Published: 16 January 2013



Cytokine-activated transcription factors from the STAT (Signal Transducers and Activators of Transcription) family control common and context-specific genetic programs. It is not clear to what extent cell-specific features determine the binding capacity of seven STAT members and to what degree they share genetic targets. Molecular insight into the biology of STATs was gained from a meta-analysis of 29 available ChIP-seq data sets covering genome-wide occupancy of STATs 1, 3, 4, 5A, 5B and 6 in several cell types.

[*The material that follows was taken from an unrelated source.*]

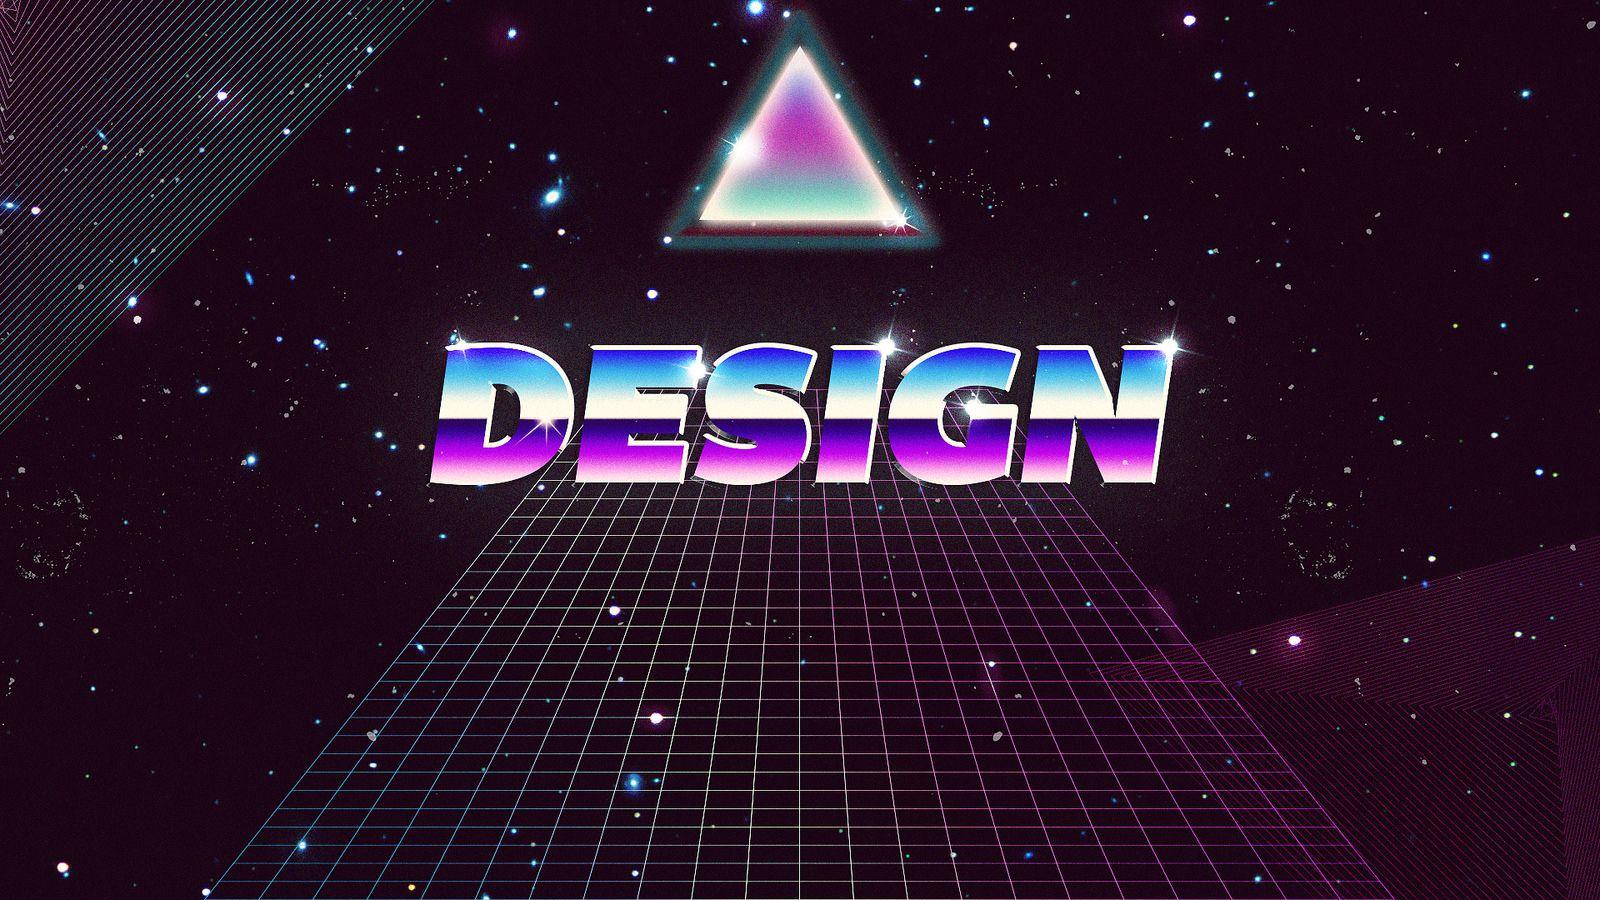 Eternity by Graphixo, Edson Sampaio, Goiânia, Brazil on Flickr | Design | Typography | Tipografia | Retro | Graphic Design | Squares | Triangle | Quadrado | Triângulo | Square | Space | Universe | Galaxy | Stars | Estrelas |
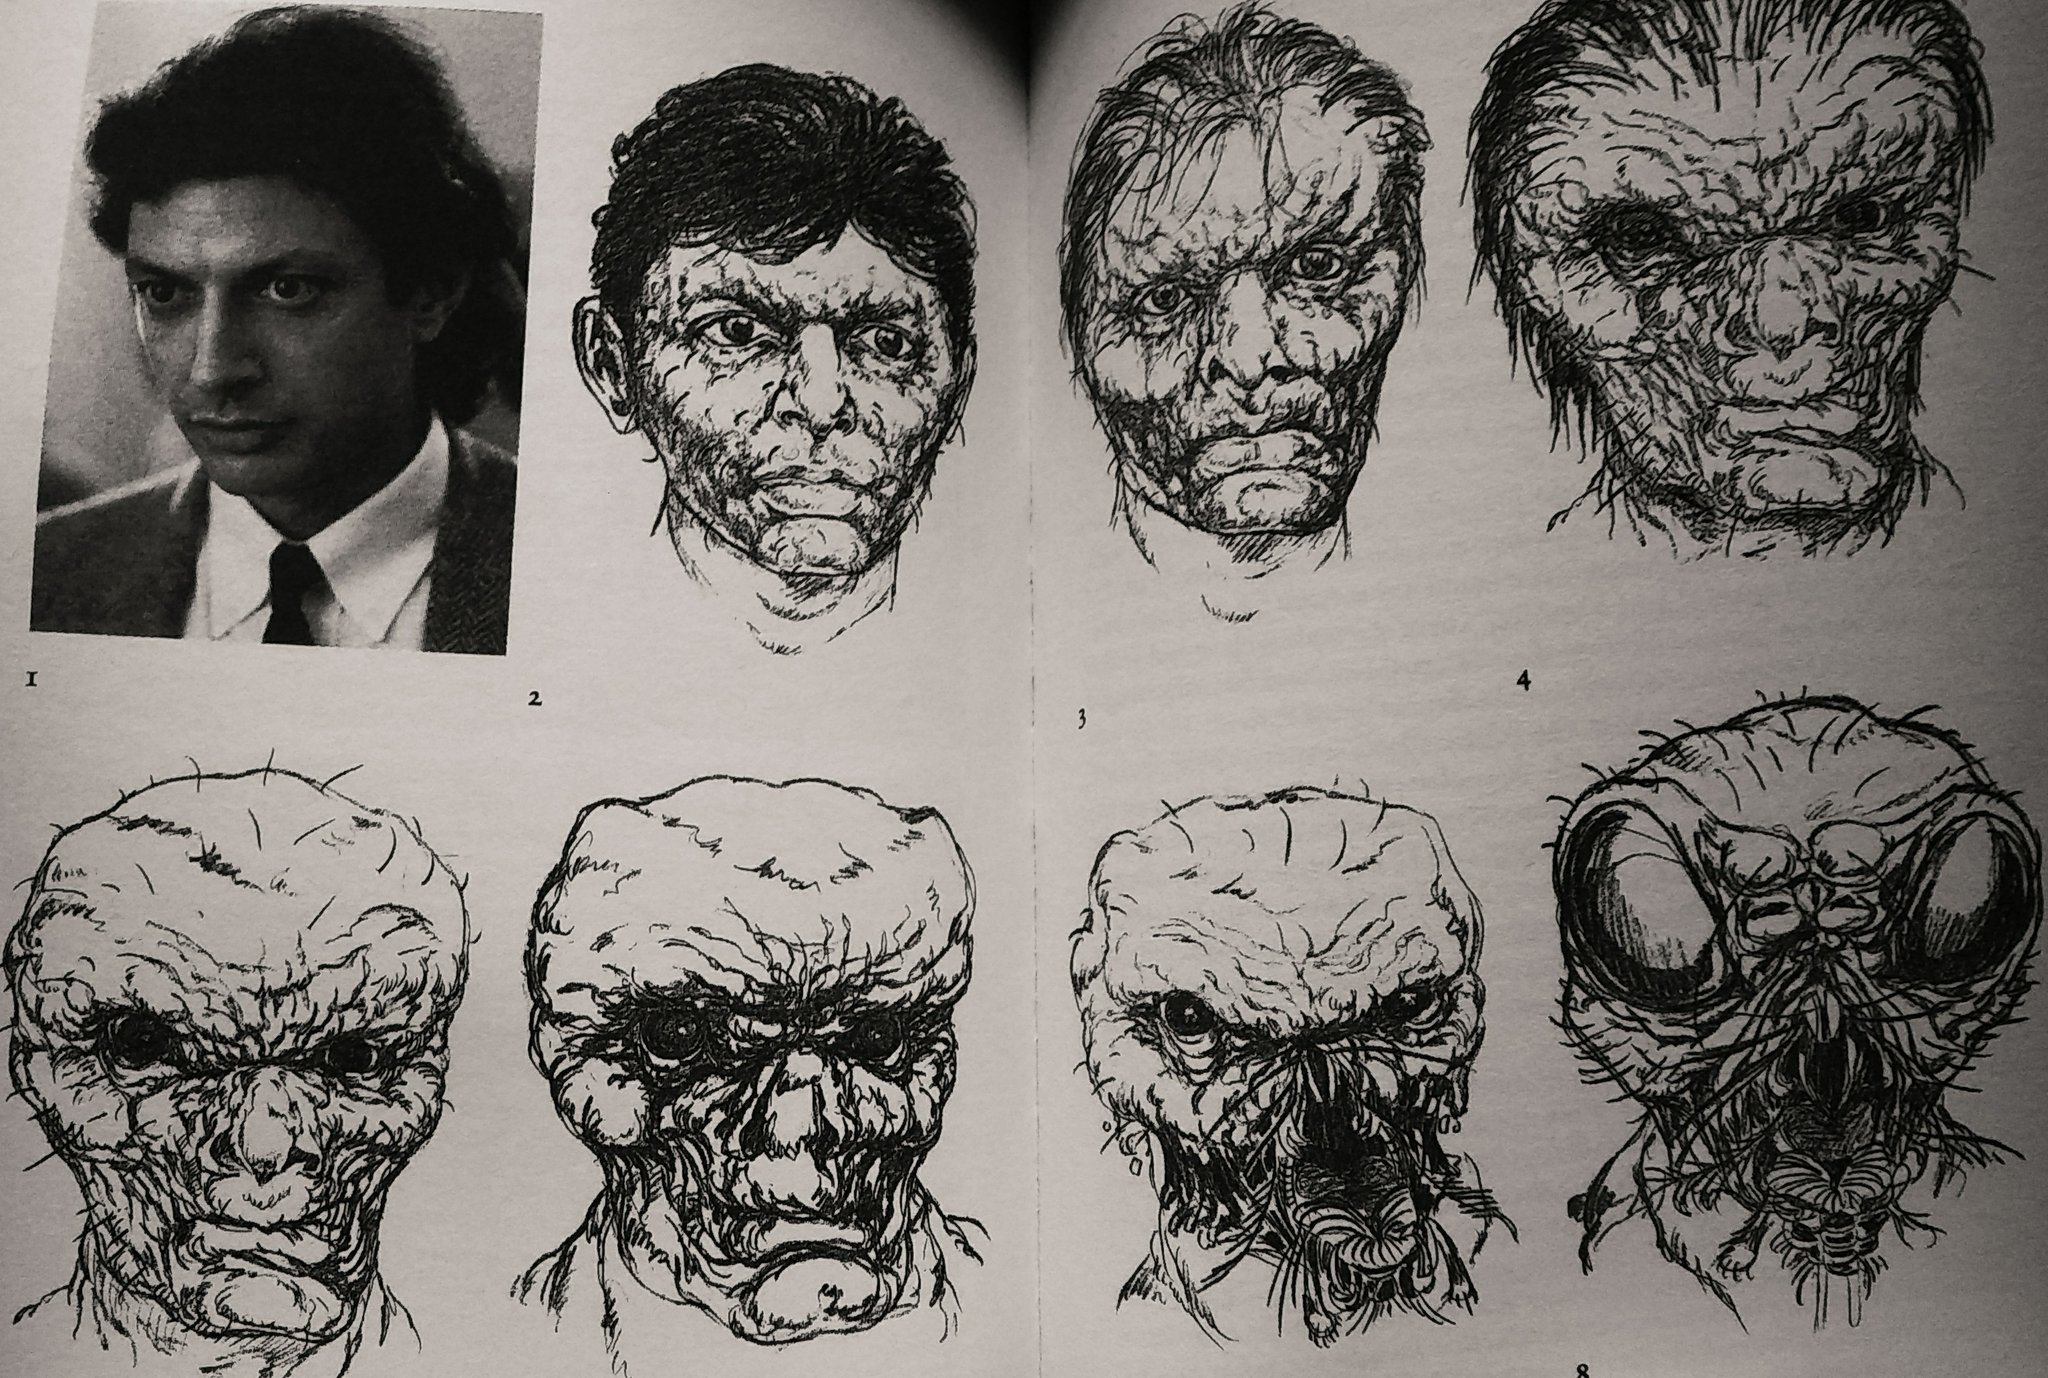 The 8 stages of Seth Brundle becoming Brundle-Fly.  Art by: makeup designer Chris Walas https://t.co/9jvb24POVr

We determined that the genomic binding capacity of STATs is primarily defined by the cell type and to a lesser extent by individual family members. For example, the overlap of shared binding sites between STATs 3 and 5 in T cells is greater than that between STAT5 in T cells and non-T cells. Even for the top 1,000 highly enriched STAT binding sites, ~15% of STAT5 binding sites in mouse female liver are shared by other STATs in different cell types while in T cells ~90% of STAT5 binding sites are co-occupied by STAT3, STAT4 and STAT6. In addition, we identified 116 cis-regulatory modules (CRM), which are recognized by all STAT members across cell types defining a common JAK-STAT signature. Lastly, in liver STAT5 binding significantly coincides with binding of the cell-specific transcription factors HNF4A, FOXA1 and FOXA2 and is associated with cell-type specific gene transcription.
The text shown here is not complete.